### Provided information
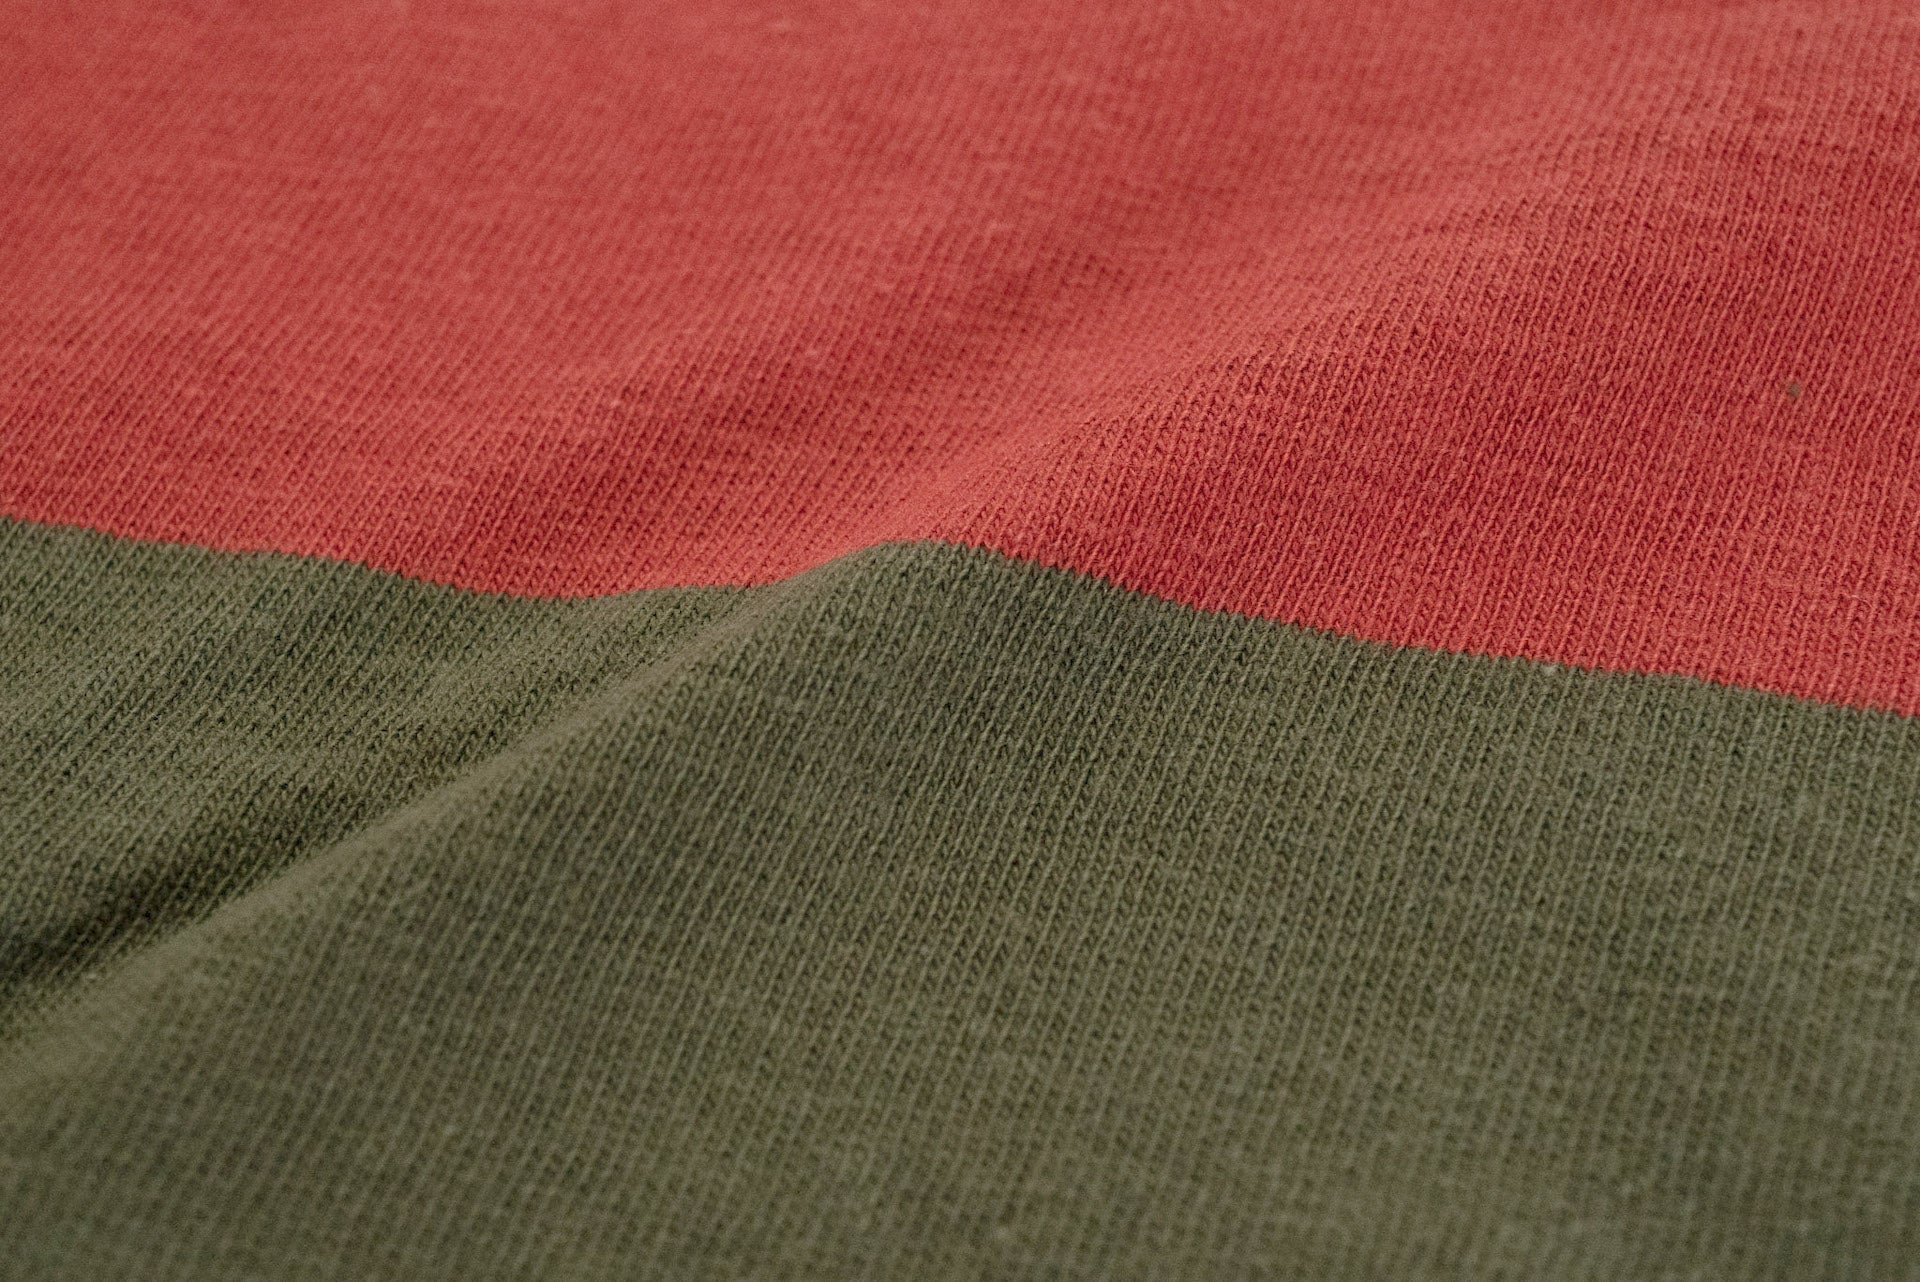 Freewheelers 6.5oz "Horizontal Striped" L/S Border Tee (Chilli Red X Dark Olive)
---
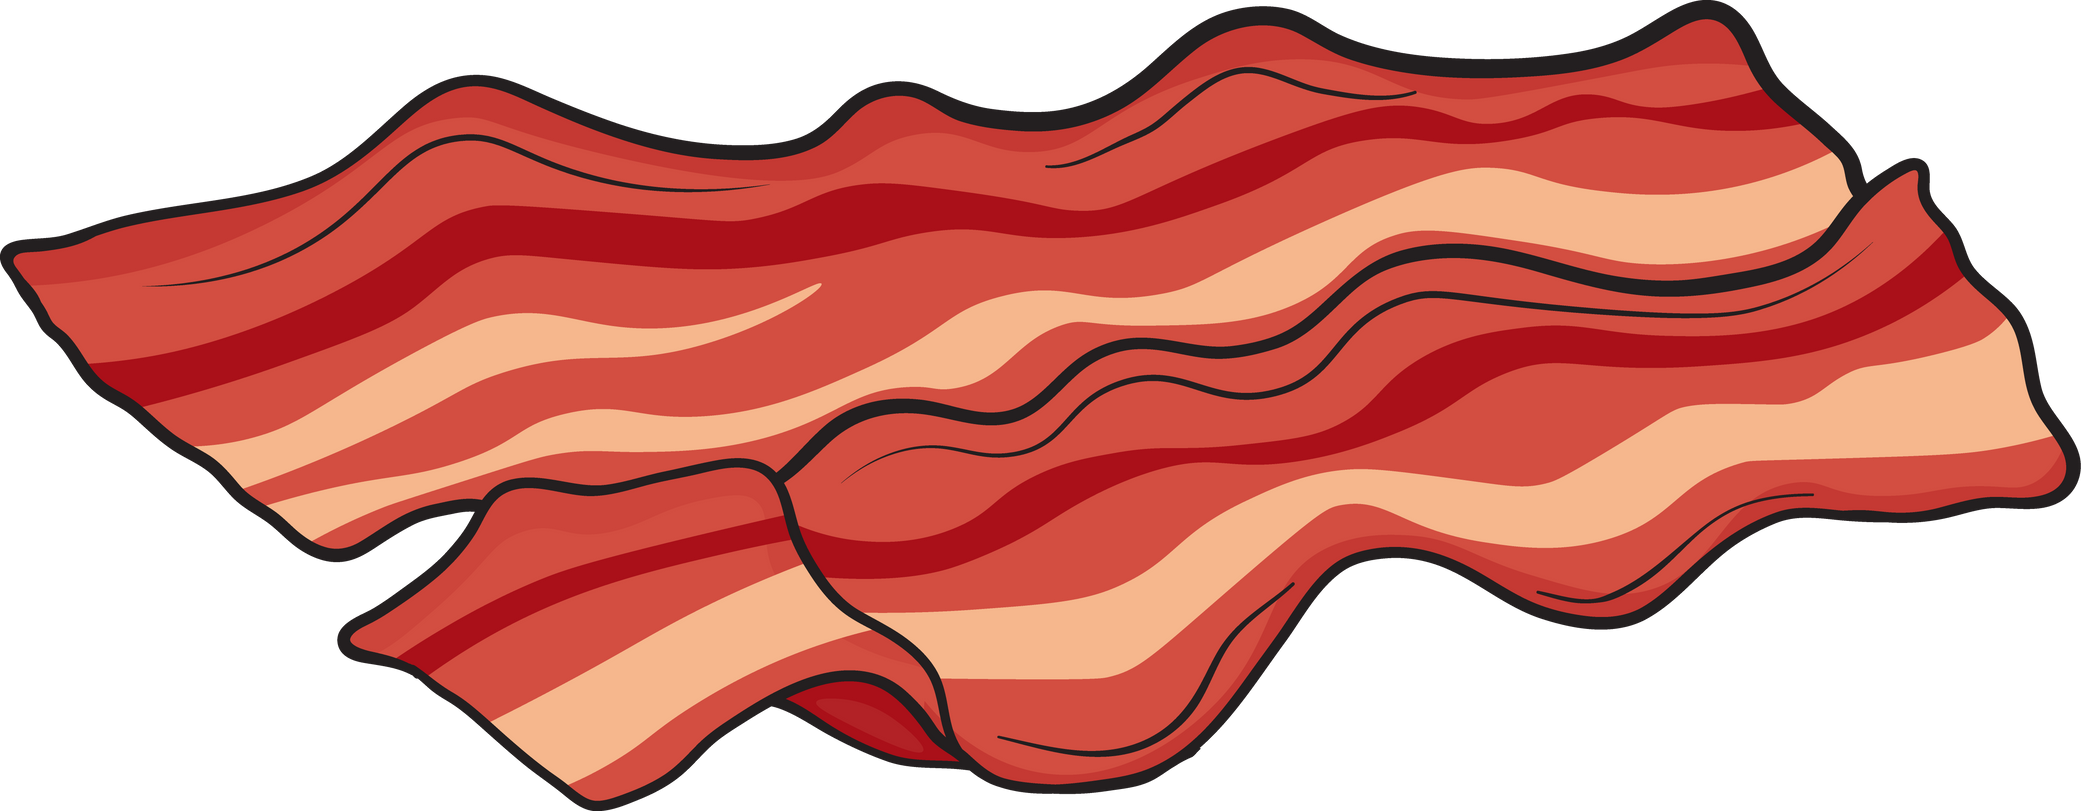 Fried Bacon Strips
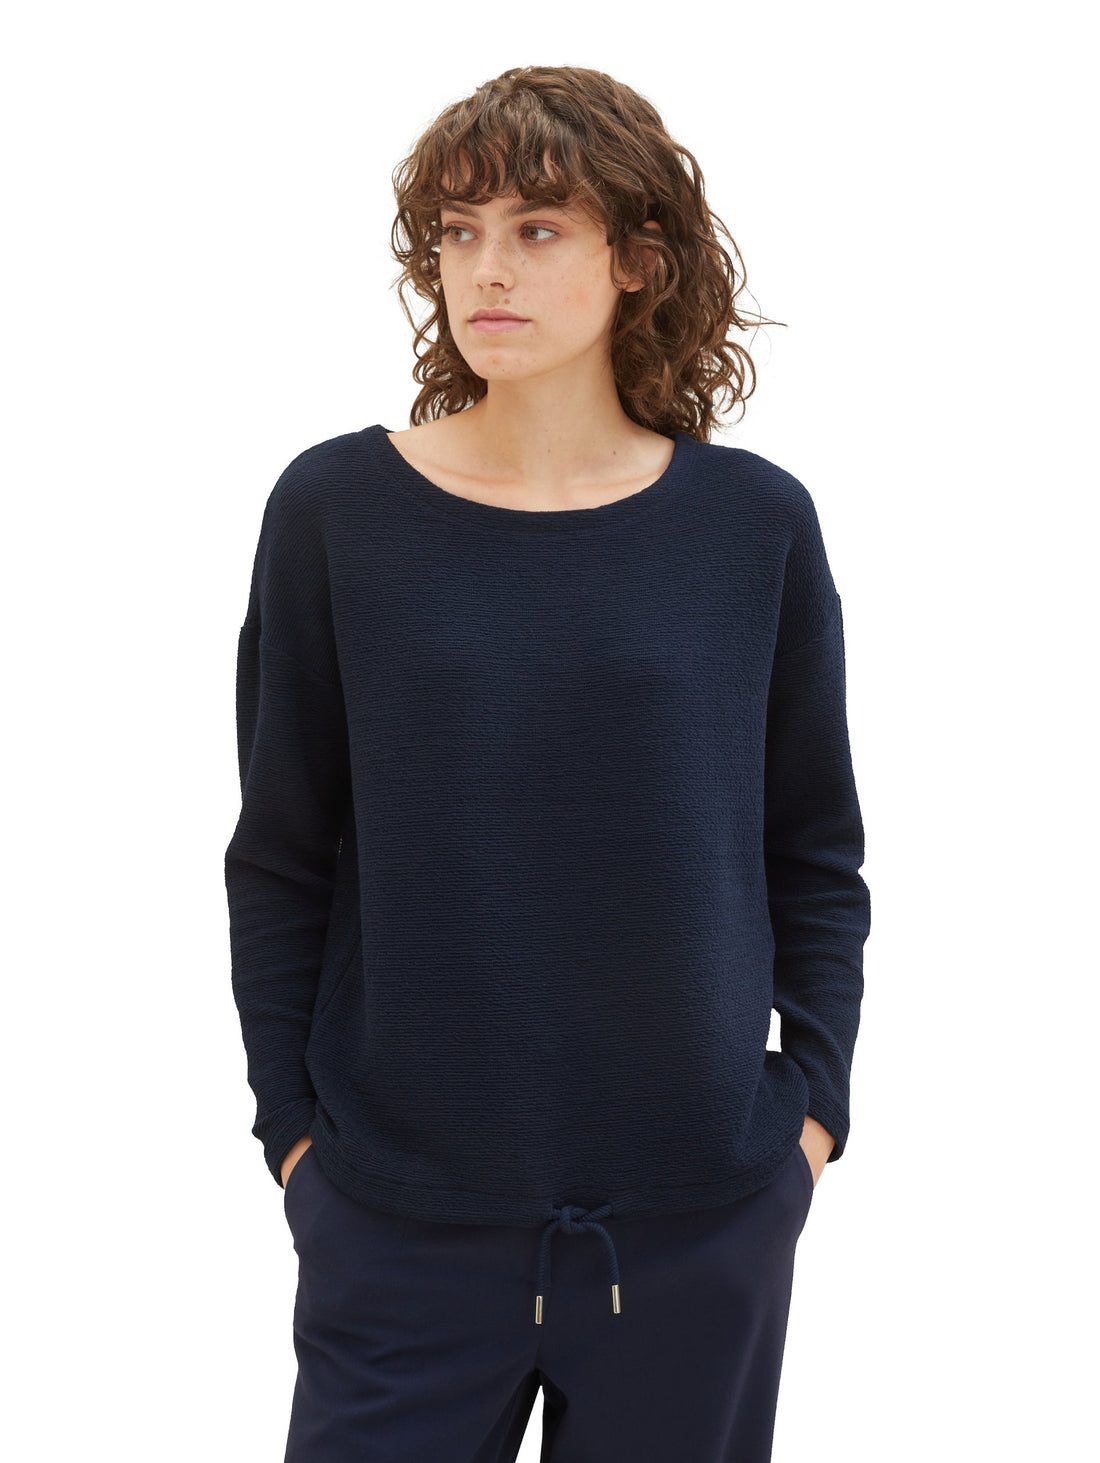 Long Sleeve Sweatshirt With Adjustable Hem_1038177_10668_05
* * *
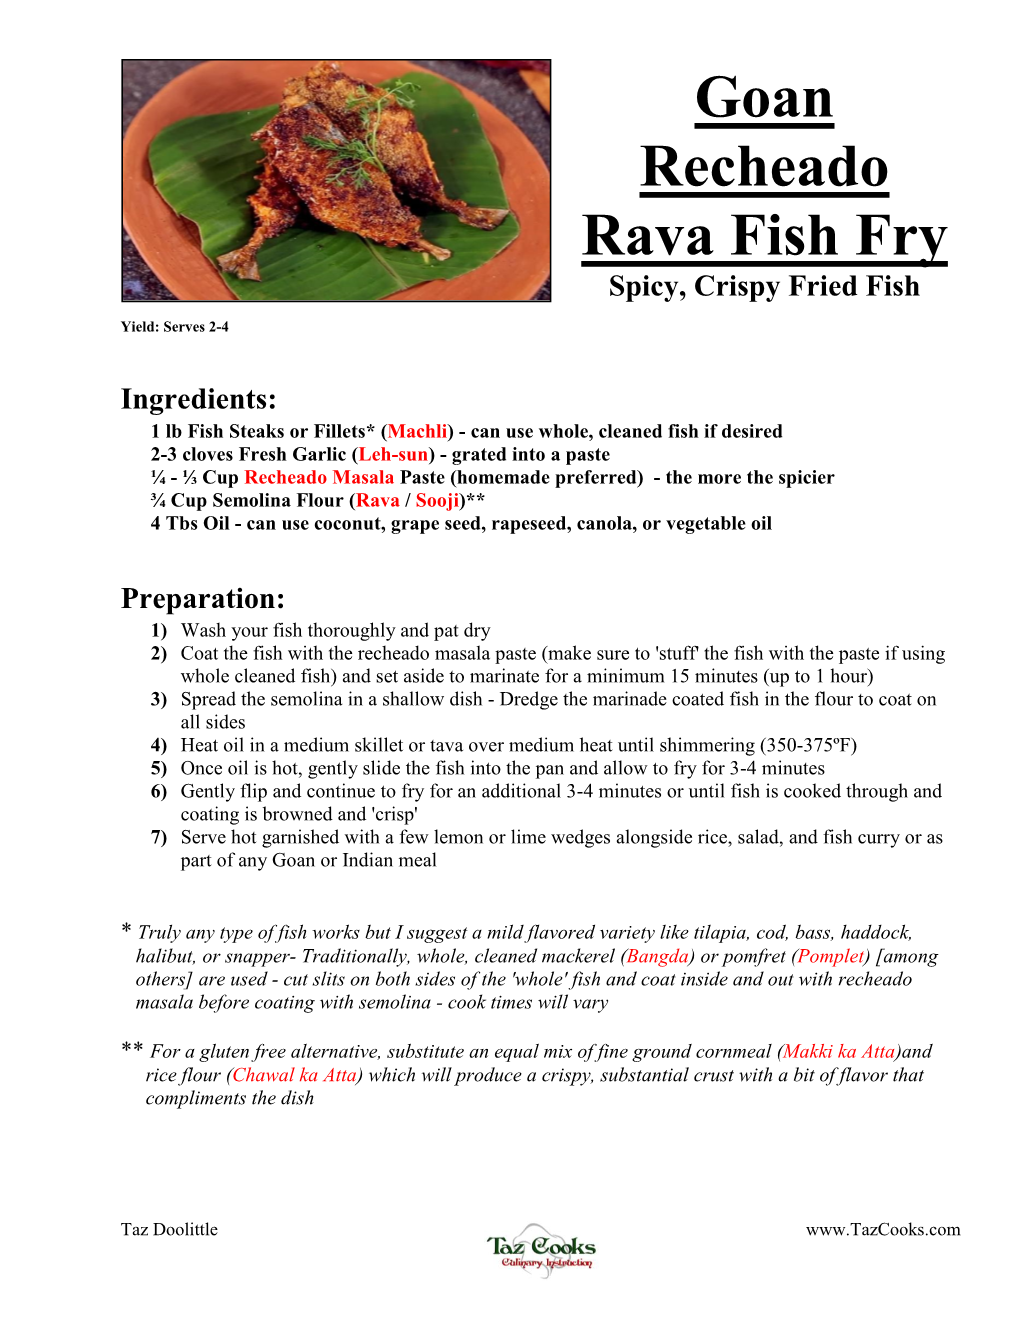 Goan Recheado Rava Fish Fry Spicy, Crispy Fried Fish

### Aim of the task
In the listing above, find the line containing "Fried Bacon Strips" and the line containing "Long Sleeve Sweatshirt". Reproduce those lines and all between them exactly, with no pictures and nothing more.

### Answer to this task
 Fried Bacon Strips
 Long Sleeve Sweatshirt With Adjustable Hem_1038177_10668_05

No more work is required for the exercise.